В стороны света | страница 16




Смерть – это зимний вечер,

небо,

день недели.


Смерть в окно: молчанка

с пустыми, как у ангела, глазами,

выкручивает кашель из шарманки.

От Монмартра

Сумасшедший Верлен

***

Поль Верлен, старик бессильный,

грусть без боли, где твой дом?

Словно ангел чистит крылья

золотые под дождём.

Неописуемое Поля Верлена

Будь за столом прогулкою в лесу,

в тарелке супа твой высокий парус,

порой в твоём простуженном носу

загадок более, чем в жизни; старость

играет словом, молодость горит.

Всё в мире – сон, то светлый, то печальный,

возьми в основу алкогольный ритм,

пчелиный шум, завесу дыма в чайной.

Иди за голосом, не мучай

ни рифму, ни строку, позволь дышать

свободой им.
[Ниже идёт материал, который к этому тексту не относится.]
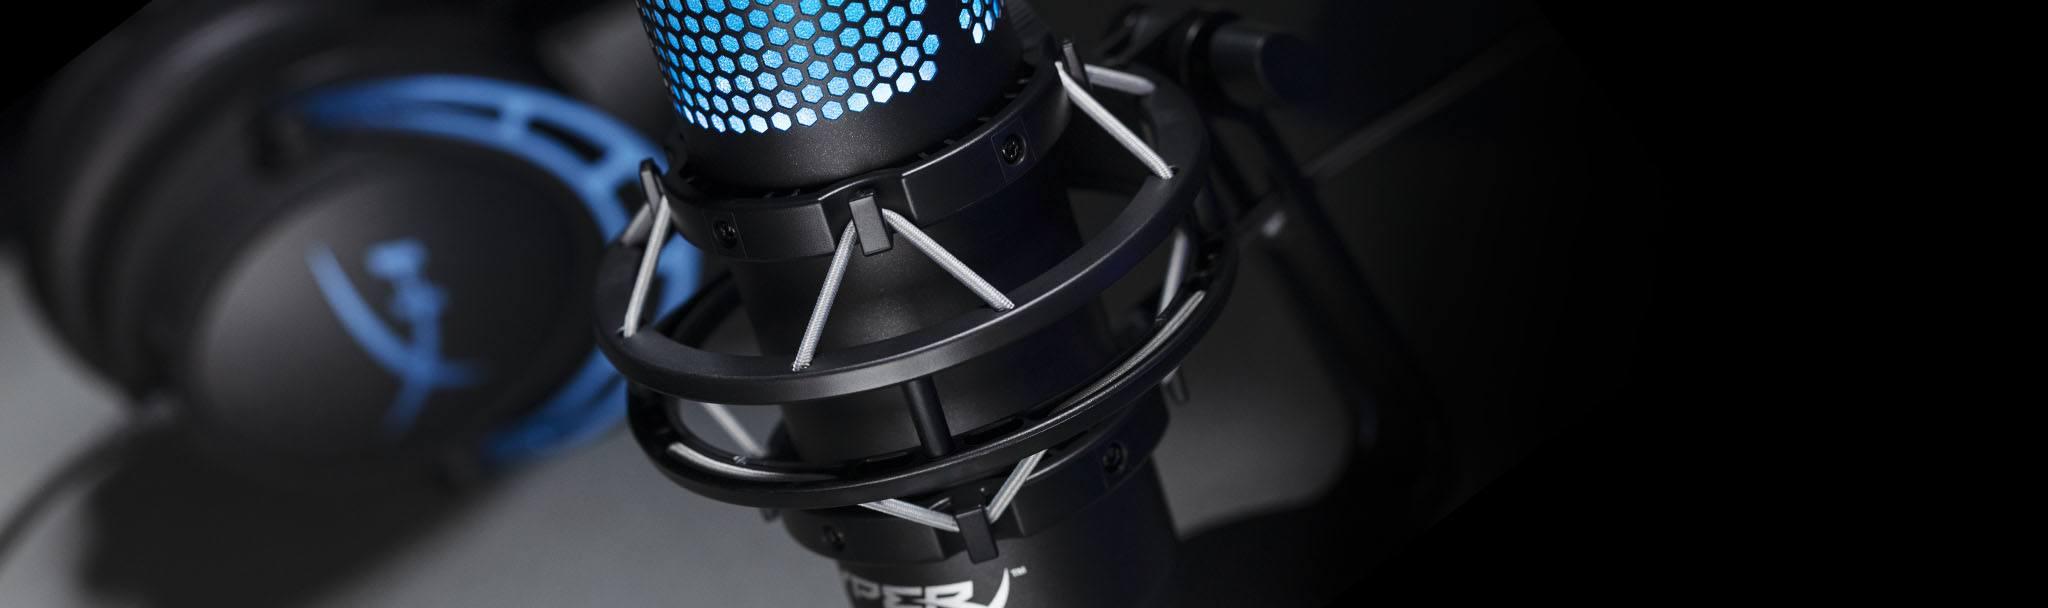 Microphone Kingston HyperX QuadCast S RGB - HMIQ1S-XX-RG/G trang bị giá chống xóc, chống rung

Прекрасно лжёт душа!

Рука ж фиксирует литературный случай.

Из Верлена

День уходит. Вечер. Сплин.

Забывайся, полно, спи.


День кончается уже.

Будет тихо на душе.


Не вернётся вечер, но

спит душа, ей всё равно.


***

Не всякий может повторить Верлена

открыто нехорошие слова:

«Я жил, но не пойму, какого хрена…» –

и всё живём себе, живём едва.

Верлен незащищённый

Свернуться в грусть

и нам швырять оттуда

по слову, крохам

вечность. Может, тайна

ему известна более, чем стыд.

Пусть плешь ребёнка

отражает слово, пусть парит

над столиками в баре,

кружками, филе, над потрохами,

над нашими квадратными глазами.

Наш Вифлеем

испорчен запахом вина и пота.


Так и ушёл, таким,

каким нашли его однажды, –

незащищённым,

меж мокрыми ногами

пьяной шлюхи

с билетом сумасшедшего

в кармане,

едва успел запрыгнуть на корабль,

на тот, что в юности

ушёл, но без него, куда-то в море.

Теперь без паспорта,

без су под мышкой,

на повозке,

запряжённой тройкой ангелов,

вдаль увезли, ввысь подняли,

избавив от безумия земного.

Признание Шарля Бодлера

Женщина, стерва, блудница, безумная дрянь!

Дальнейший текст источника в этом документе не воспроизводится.